Provided records

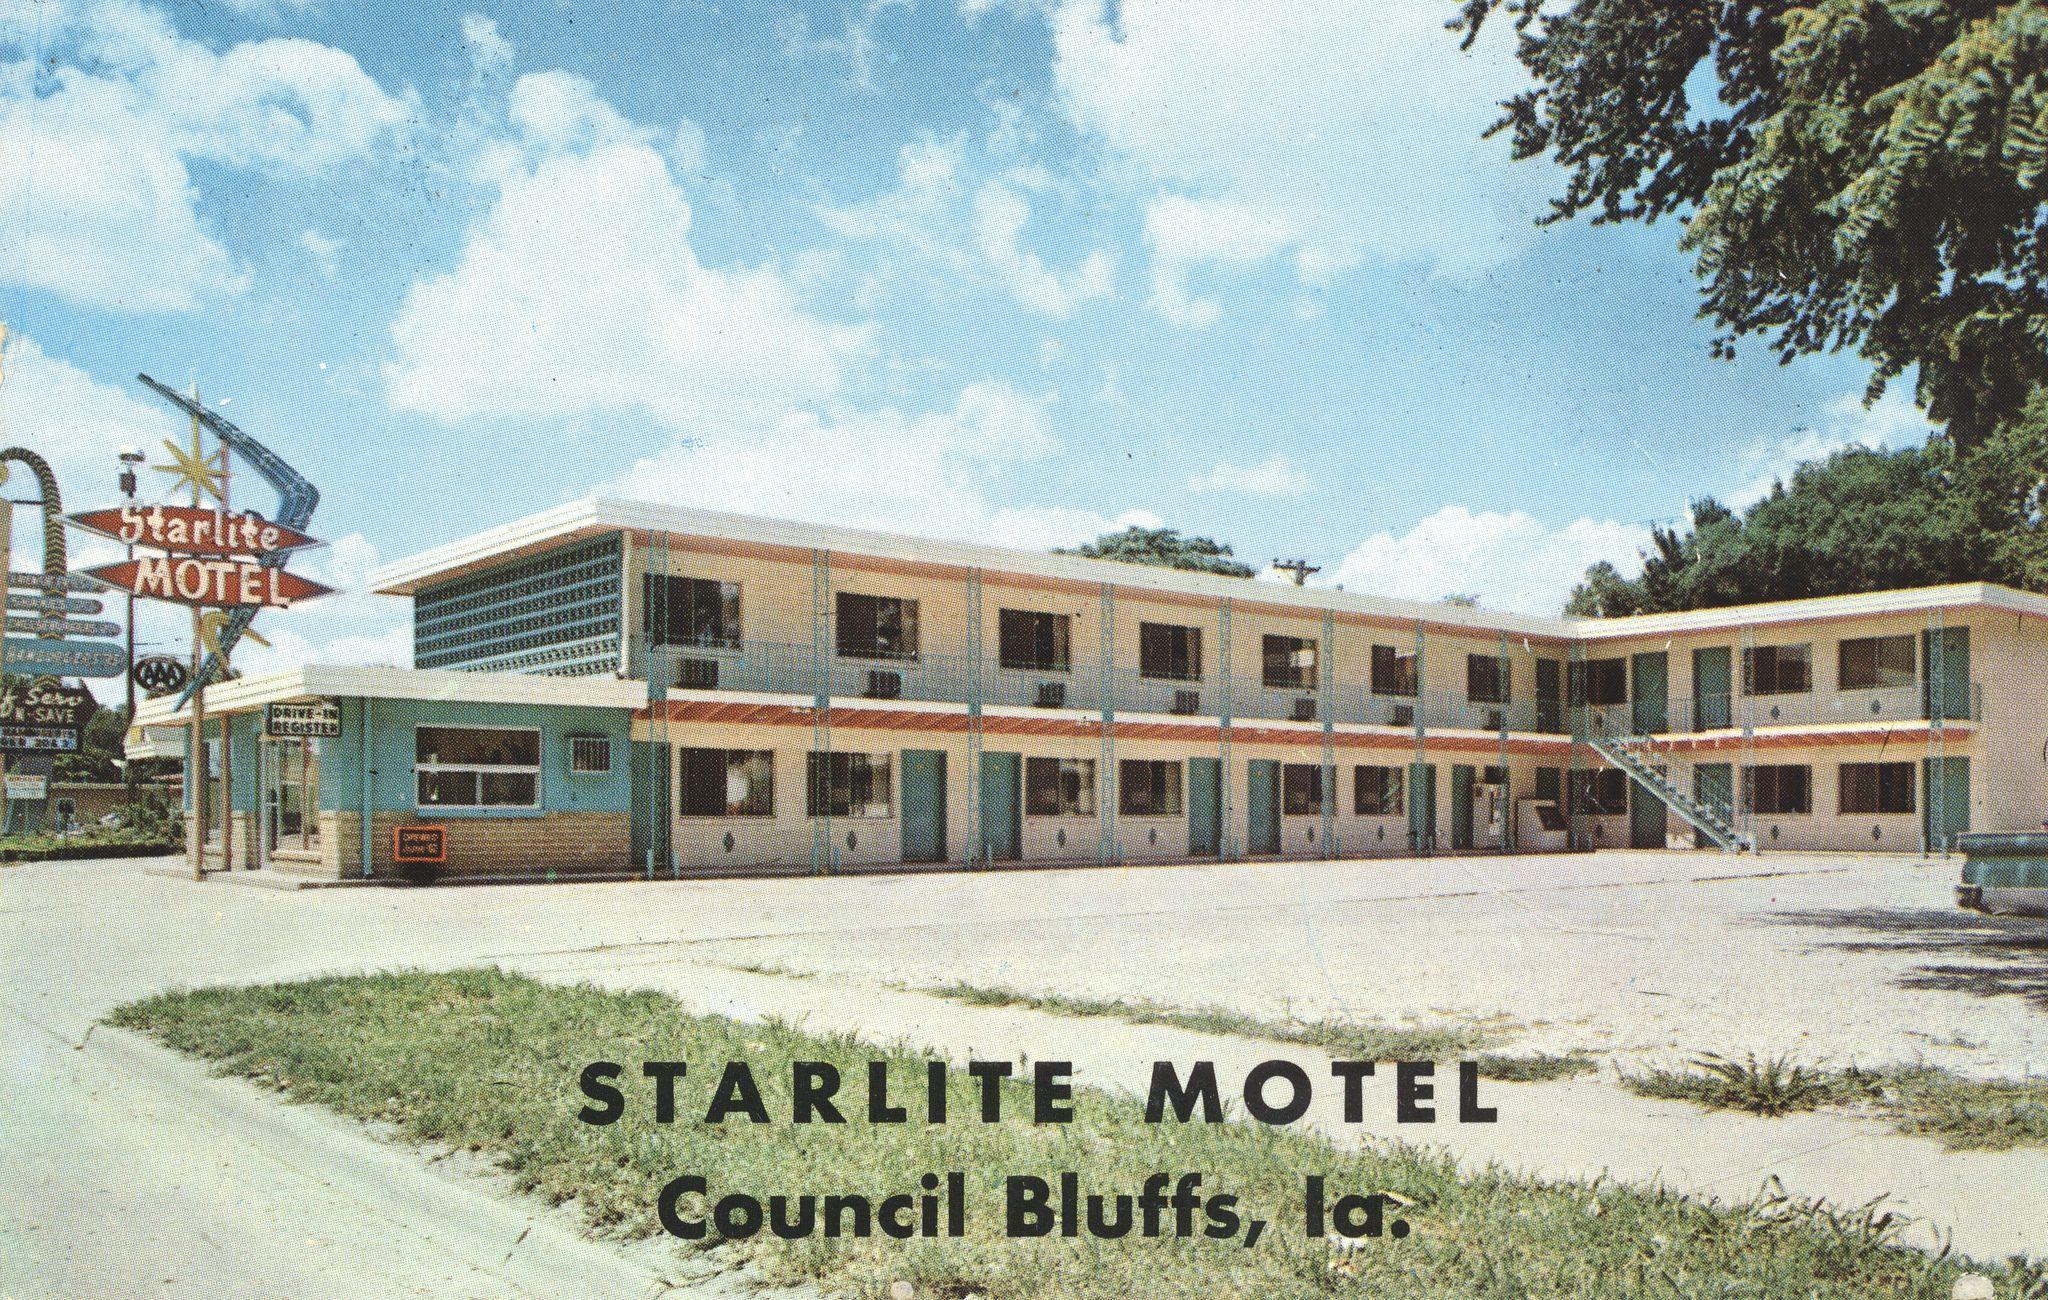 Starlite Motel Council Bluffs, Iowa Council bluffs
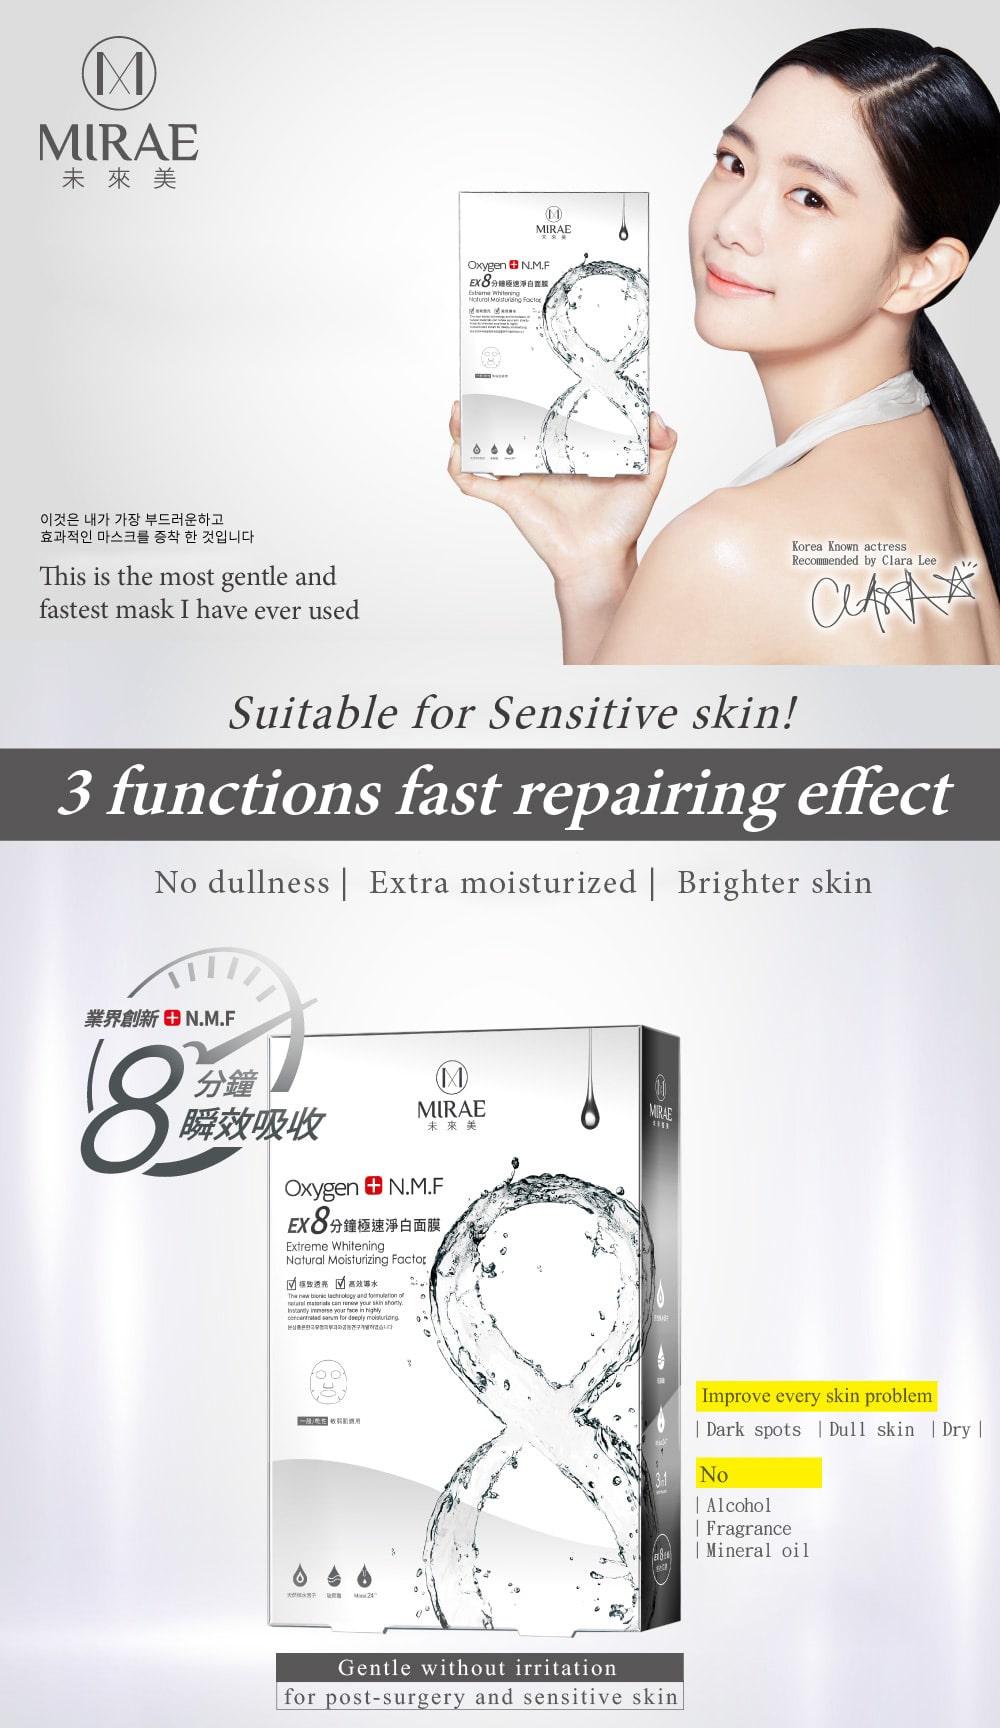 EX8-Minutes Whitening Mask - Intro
---
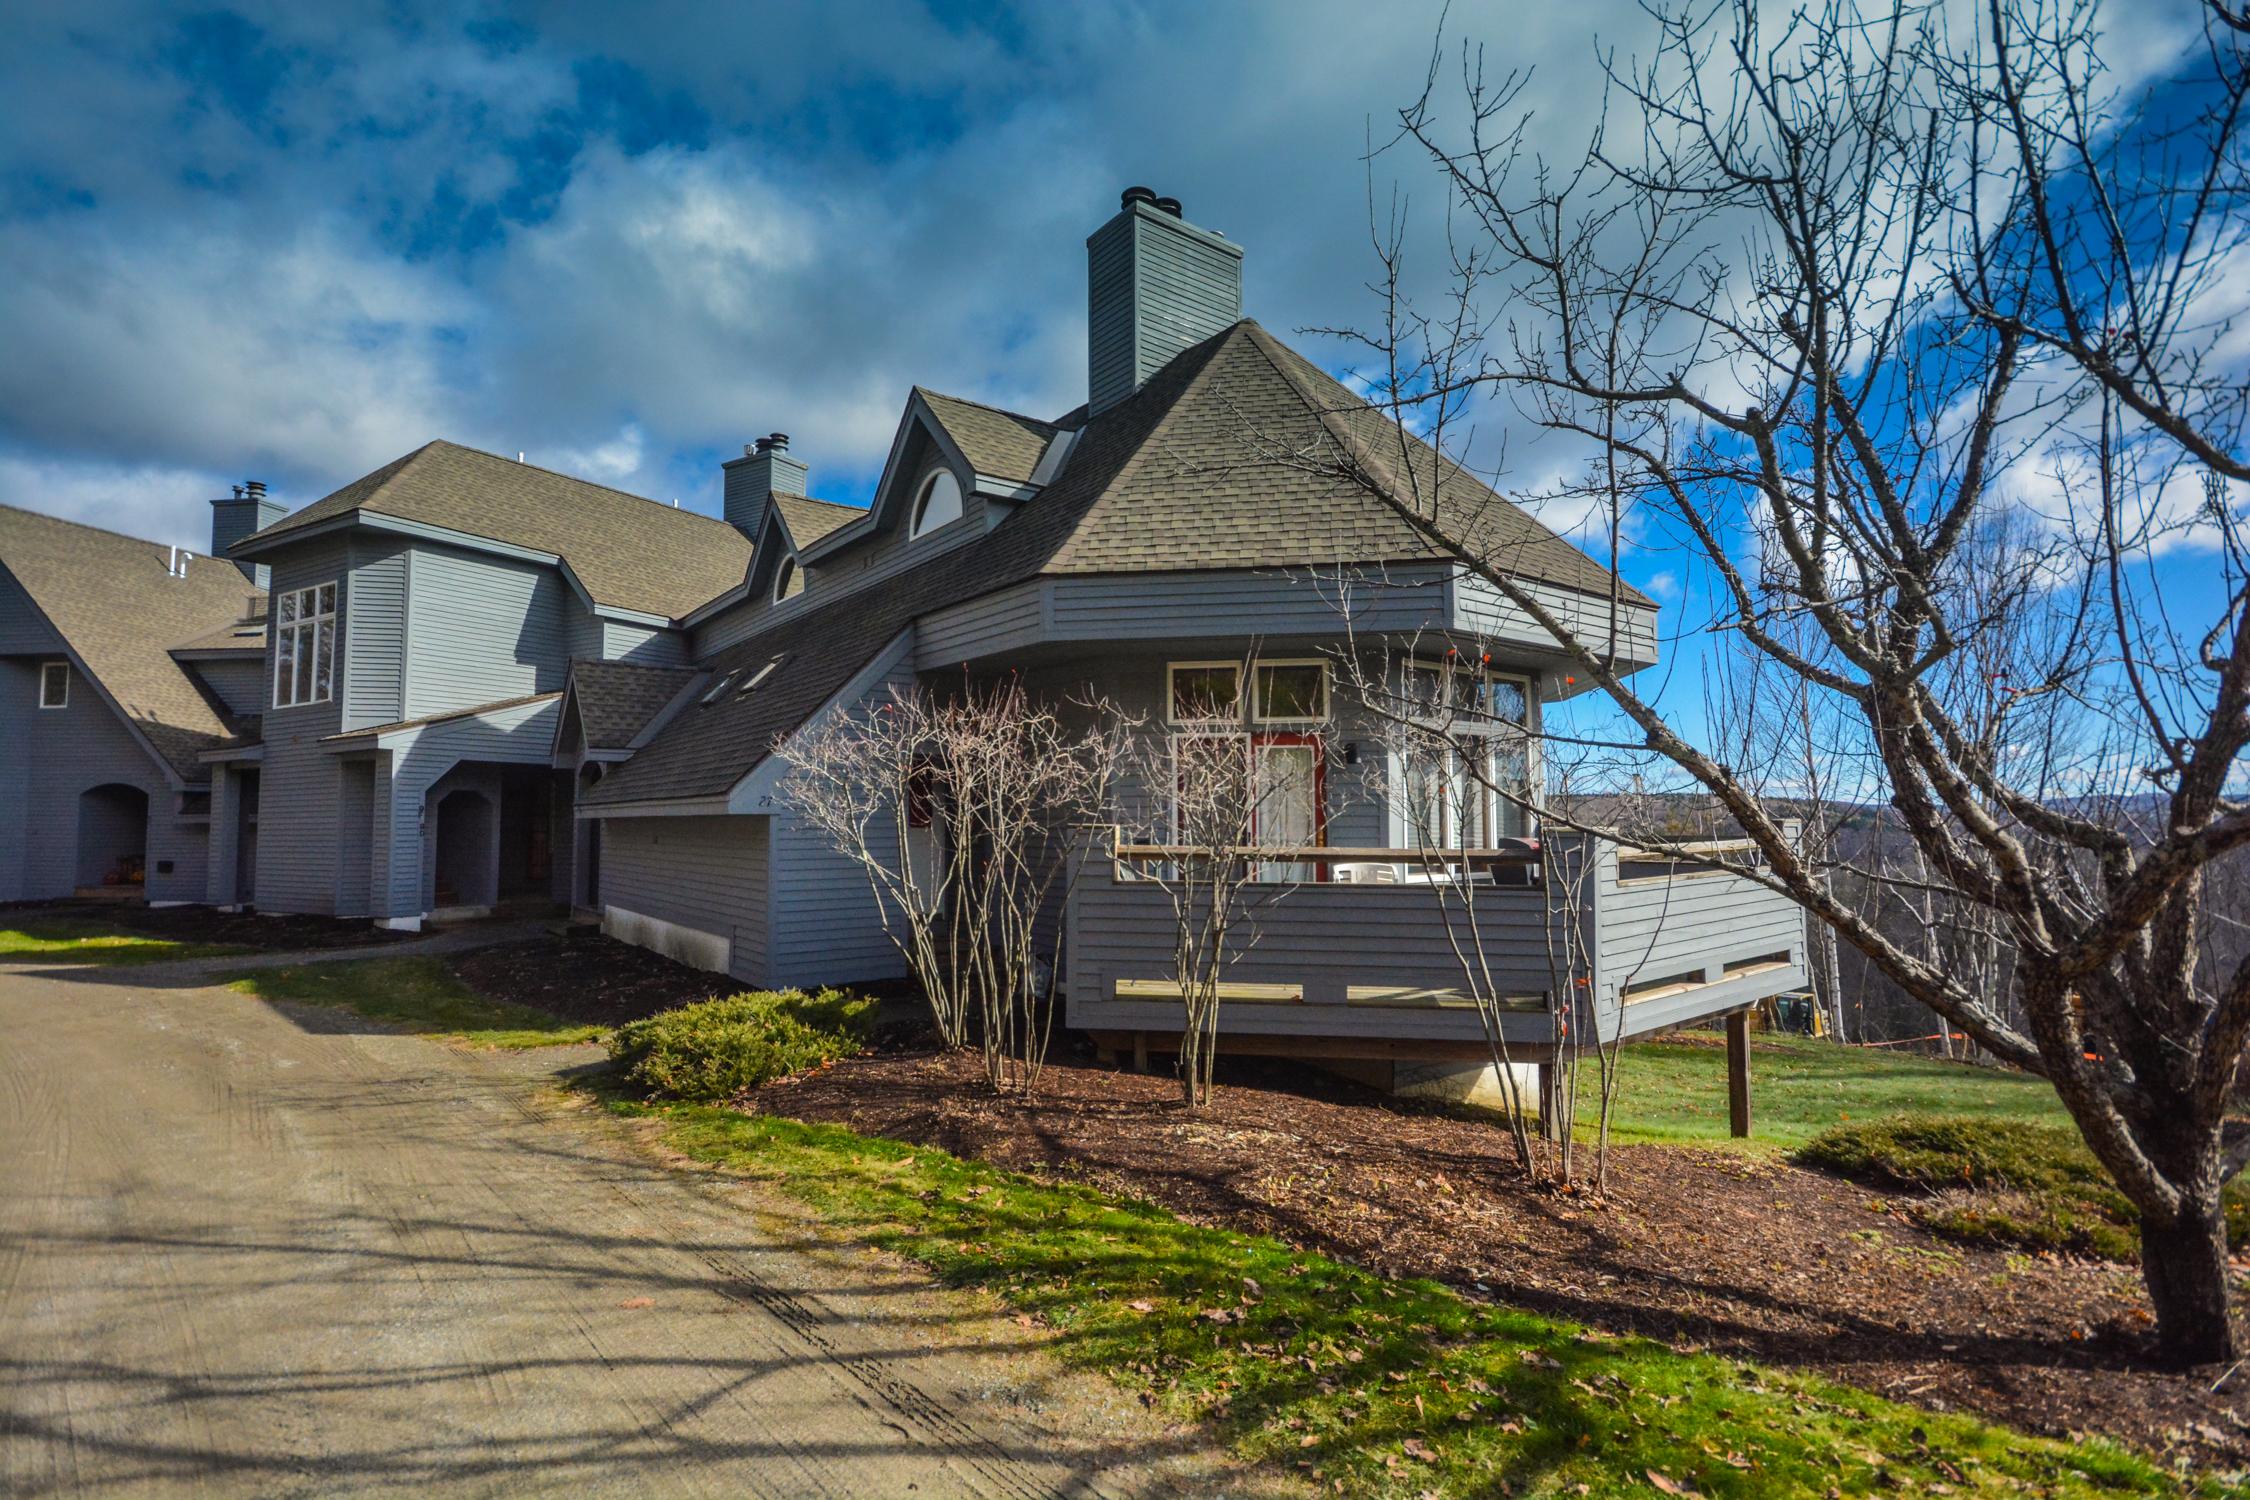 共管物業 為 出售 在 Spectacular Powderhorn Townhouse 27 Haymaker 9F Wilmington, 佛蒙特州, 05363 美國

Task statement
Taking the material above, give again exactly the lines from the one holding "Starlite Motel Council" through the one holding "EX8-Minutes Whitening Mask - Intro", with both ends and without pictures.

Answer box
 Starlite Motel Council Bluffs, Iowa Council bluffs
 EX8-Minutes Whitening Mask - Intro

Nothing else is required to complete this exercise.